The data lives in these two regional buckets because when you train with TPUs you want to train from buckets in the same region as your TPU. Remember to use the appropriate bucket that is in the same region as your TPU!

The directory structure of the TFRecords is as follows:

```
└── tfrecords
├── by_exp_plate_site-42
│ ├── HEPG2-10_p1_s1.tfrecord
│ ├── HEPG2-10_p1_s2.tfrecord
│ ├── ….
│ ├── U2OS-03_p3_s2.tfrecord
│ ├── U2OS-03_p4_s2.tfrecord
│ └── U2OS-03_p4_s2.tfrecord
└── random-42
├── train
│ ├── 001.tfrecord
│ ├── 002.tfrecord
….
```
The `random-42` denotes that the data has been split up randomly across different tfrecords, each record holding ~1000 examples. The `42` is the random seed used to generate this partition. The example code in this repository uses this version of the data.

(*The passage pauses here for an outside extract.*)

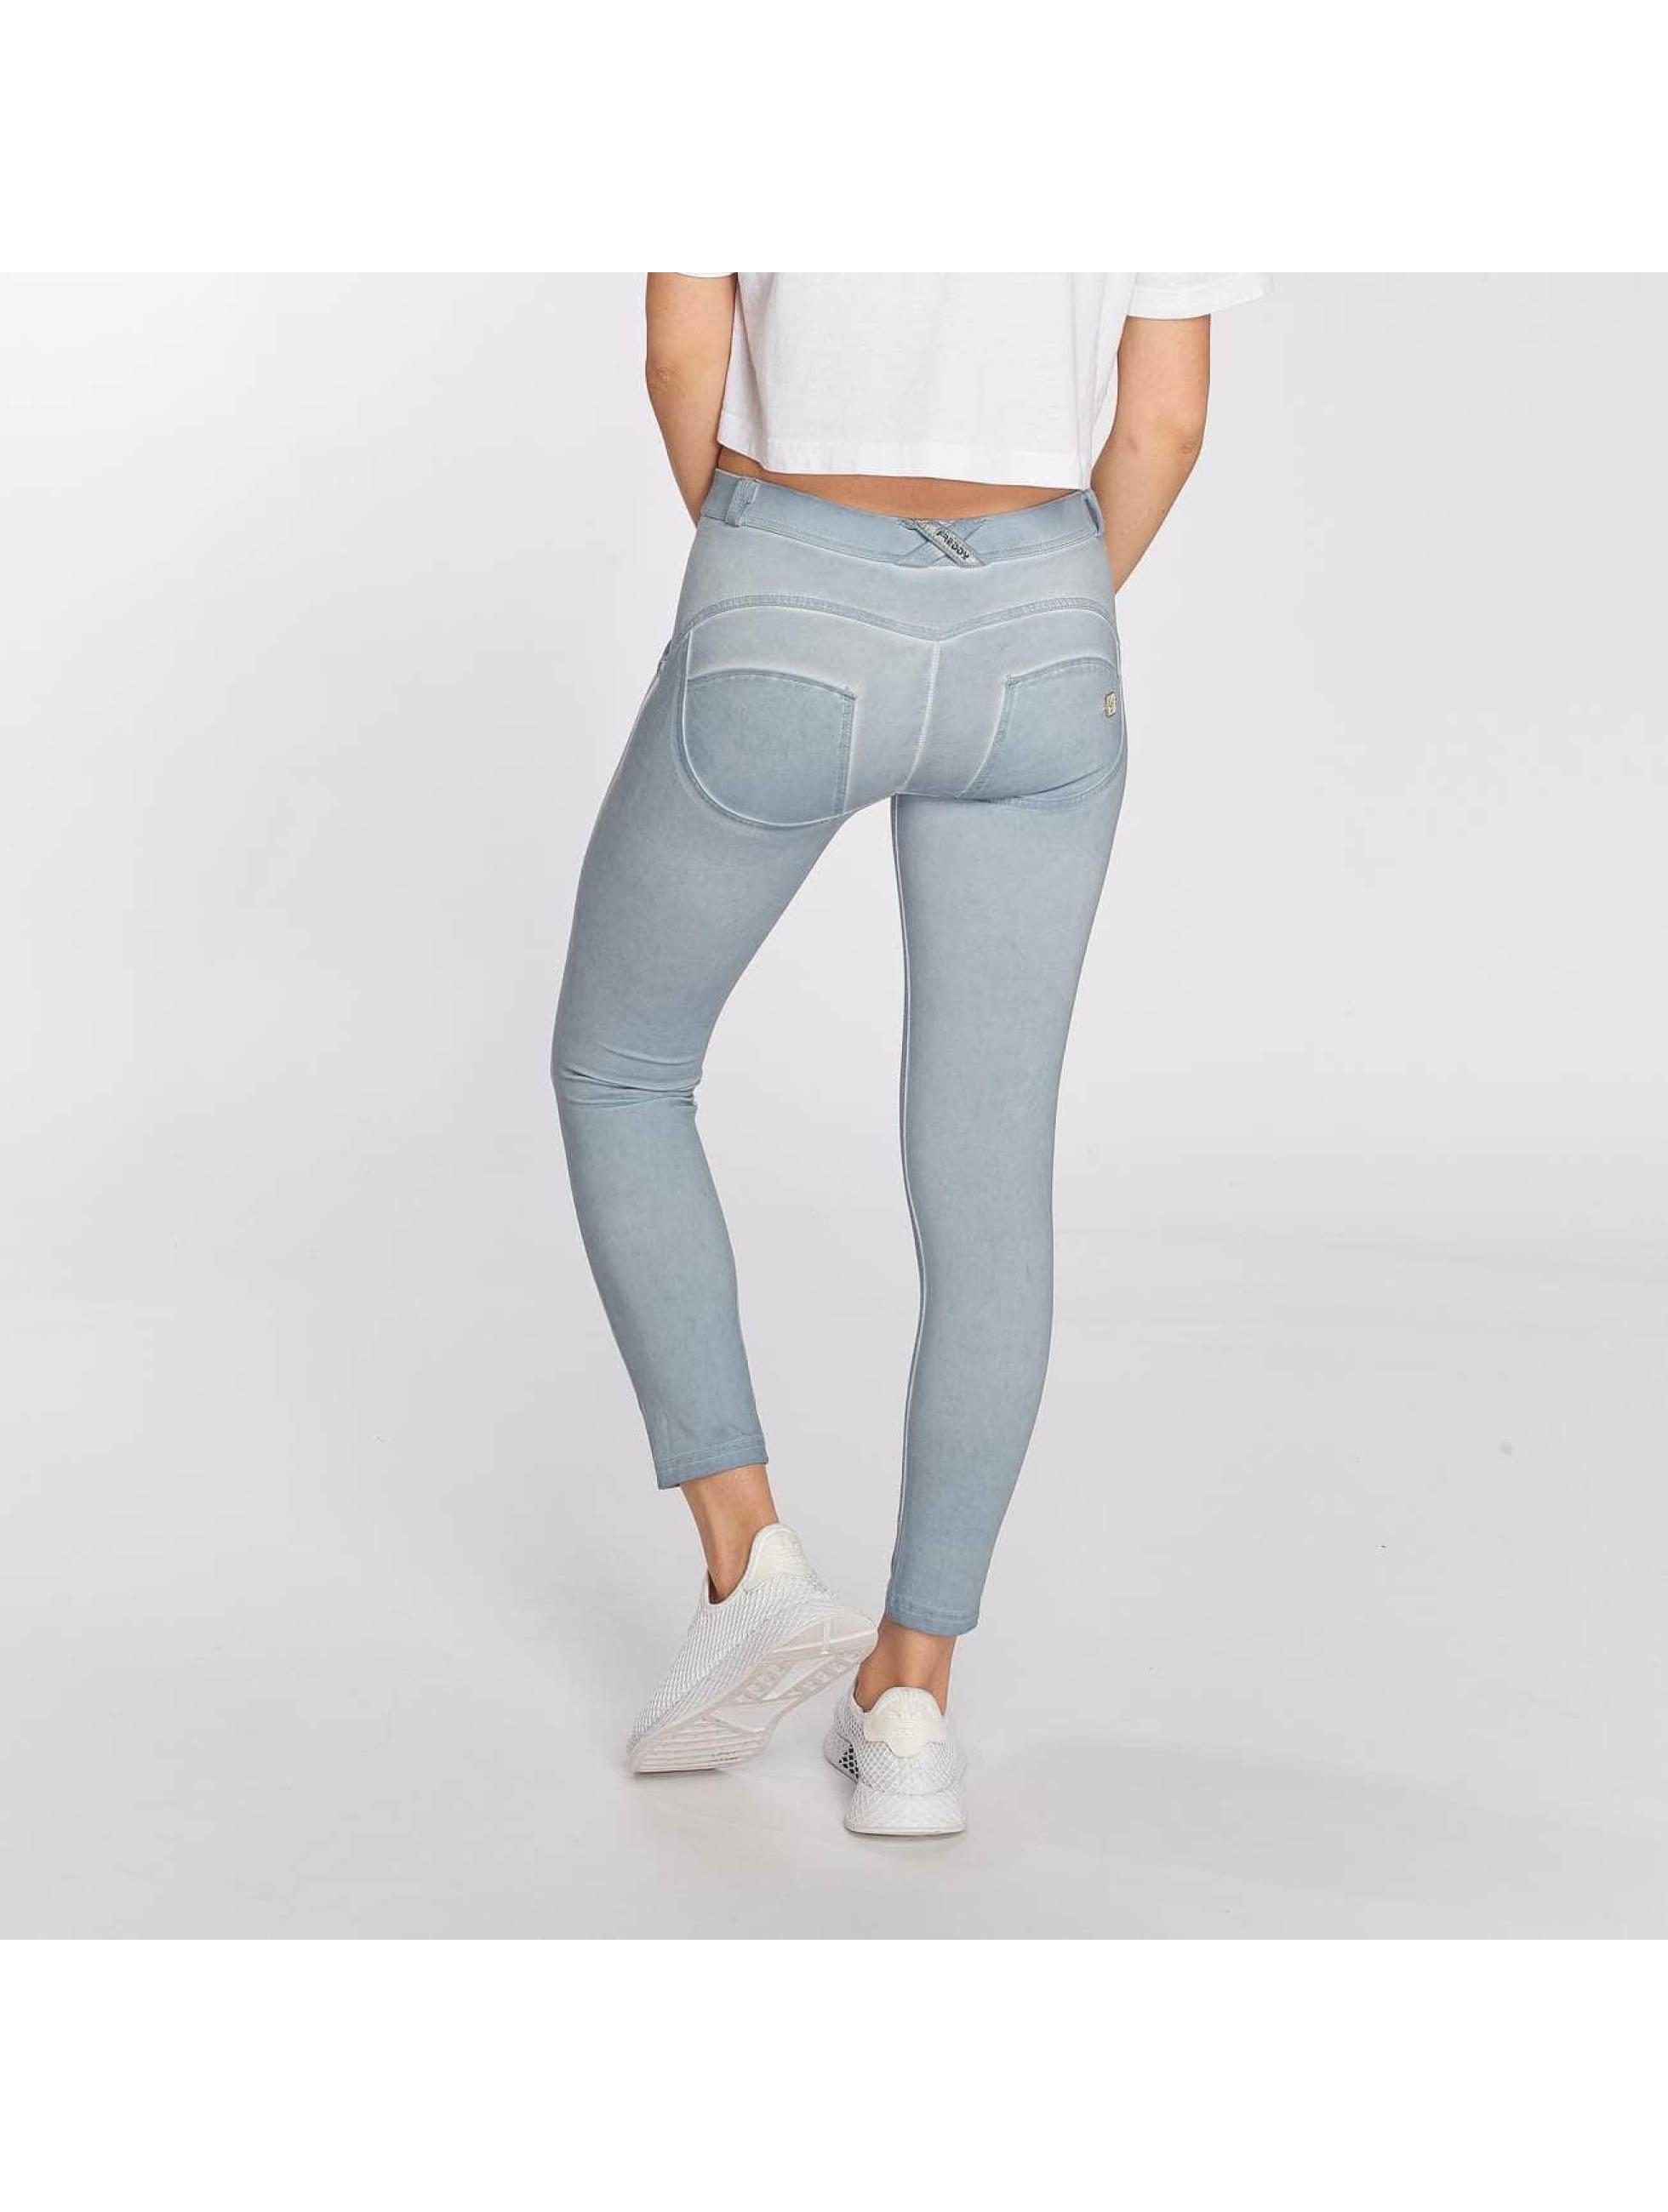 Freddy Skinny jeans Pantalone 7/8 blauw

The `by_exp_plate_site-42` is where each TFRecord contains an all of the images for a particular experiment, plate, and site grouping. Internally the well addresses are random in the TFRecord. The advantage of this grouping is that you can be selective on the experiments you train on. Due to the grouping each TFRecord here has only about ~277 examples per file.

For good training batch diversity it is recommended that you use the TF Dataset API to interleave examples from these various files. The provided `input_fn` in this repository already does this.